If you run Python on CygWin, you can just grab the pre-compiled package from dbs. However, when you upgrade Python it seems that you have to reinstall it, which is very frustrating. If in doubt, try to use the standard Windows Python installation from CygWin (you can run Windows programs through CygWin).

Getting Started

There are a number of resources available to get you started on CWM and Notation3. The main ones come from TimBL himself: the Notation3 Primer a page of CWM Examples, and the CWM Homepage. The CWM examples page is very good if you want to get started, but only describes a portion of what CWM can do, and leaves you to figure out the rest.

CWM is run at the command line as normal, and takes a number of different flags. The most common of these are listed on the SWAP page under Command line parameters (now up to date).

One important command line flag left off of the list is --strings. This prints out strings such that: "--strings Dump :s to stdout ordered by :k whereever [sic] { :k log:outputString :s }" (from cwm.py).

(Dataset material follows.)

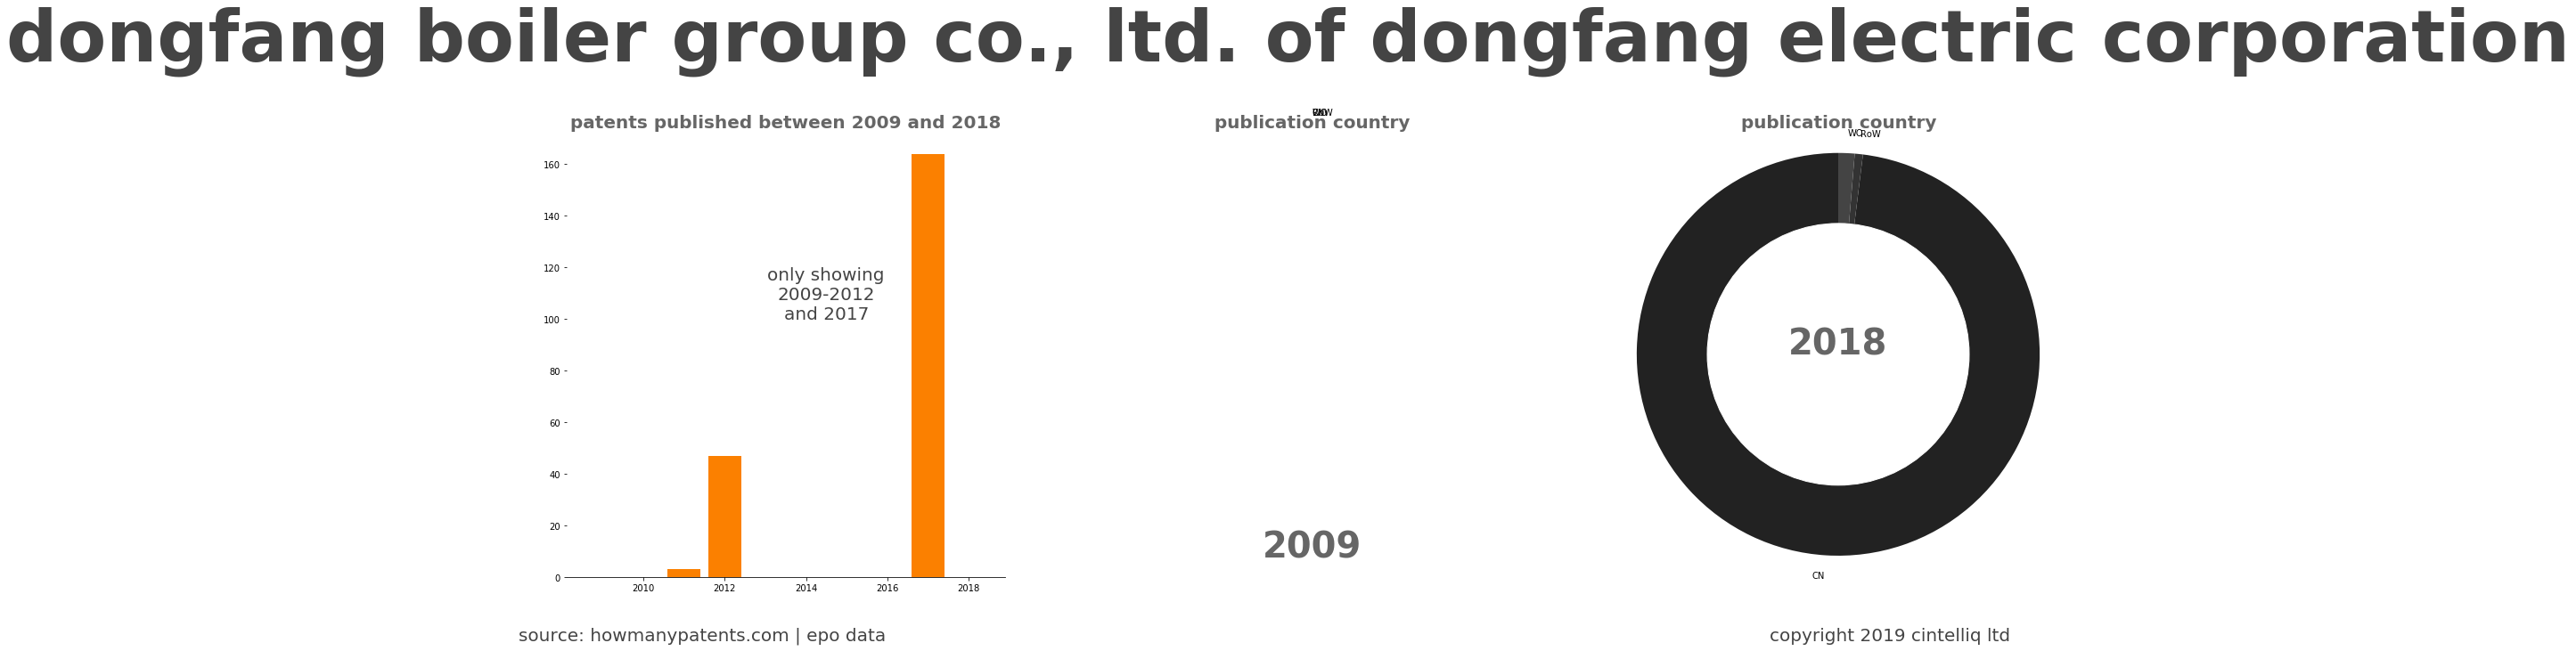 summary of patents for Dongfang Boiler Group Co., Ltd. Of Dongfang Electric Corporation

As a matter of interest, there is a log file of every time the string "CWM" was mentioned on the RDF IG channel.

CWM On Your Desktop

I created a batch file in Windows for CWM, and I found that I most commonly used only a certain set of commands. You can of course customize your own commands, and perhaps make an sh file, but these are the commands that I find I most commonly use:-

I wrote a short CWM Utility as a Windows BAT or a Python script that can run some of the most popular commands; it allows you to have CWM running on your desktop, or from a very simple menu based interface.

CWM NTriples Cleaner

Because CWM does not produce valid NTriples (in version 1.82 and before, at least), I wrote a Python script that will clean it up: cwmntclean.py.

CWM Example Code

CWM can do many things: merge documents; apply rules (by adding or filtering); convert between XML RDF, NTriples, and Notation3; flatten contexts; perform queries (just a subset of rules); do math, string functions, and get os variables; and so on... It's difficult to know where to start getting into it.

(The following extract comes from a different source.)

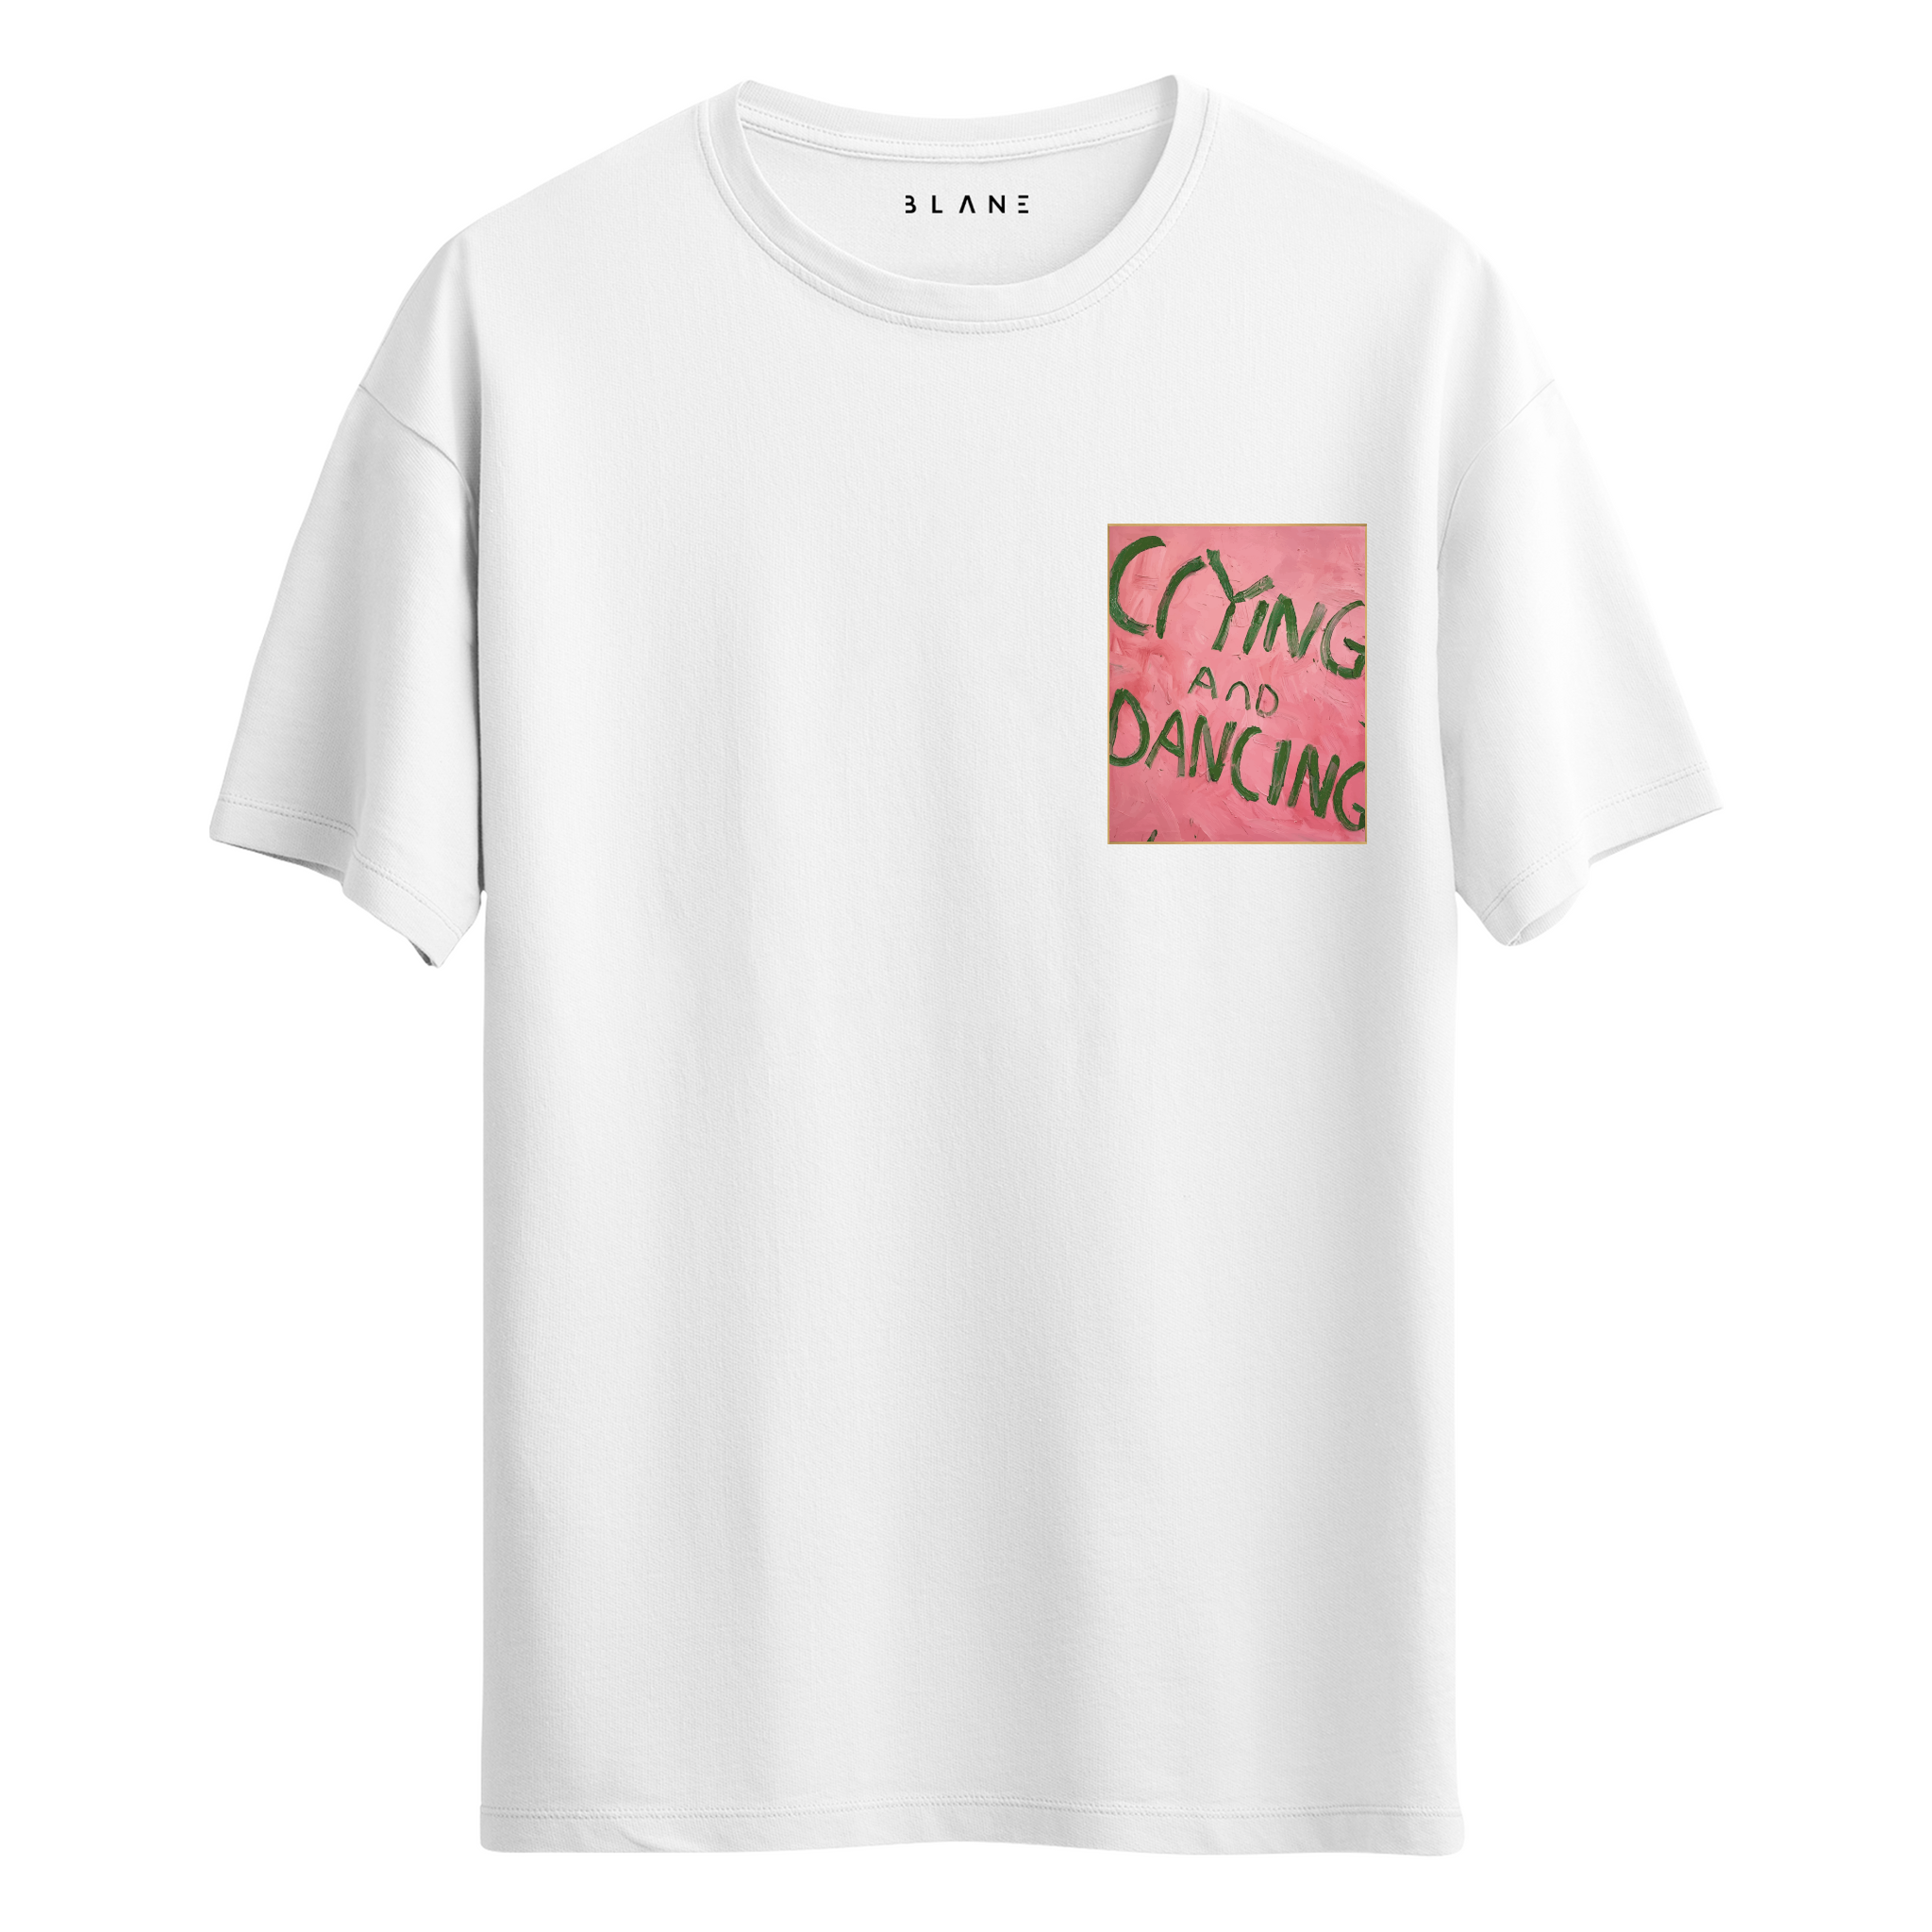 Crying And Dancing - T-Shirt

The SWAP test directory contains a number of experiments run by Tim and Dan to test CWM's functions. Here is a summary of the pieces...

Regression Test

There is a large regression test which forms the basis of the things that get checked regularly in CWM.

Semantic Web Utilities

One of the things that you notice when you have used CWM for a while is how close in philosophy it is to the set of *nix tools*. You tend to start setting up filters (N3 rules files etc.) that can do certain tasks. Here are just some of the files that have already been developed.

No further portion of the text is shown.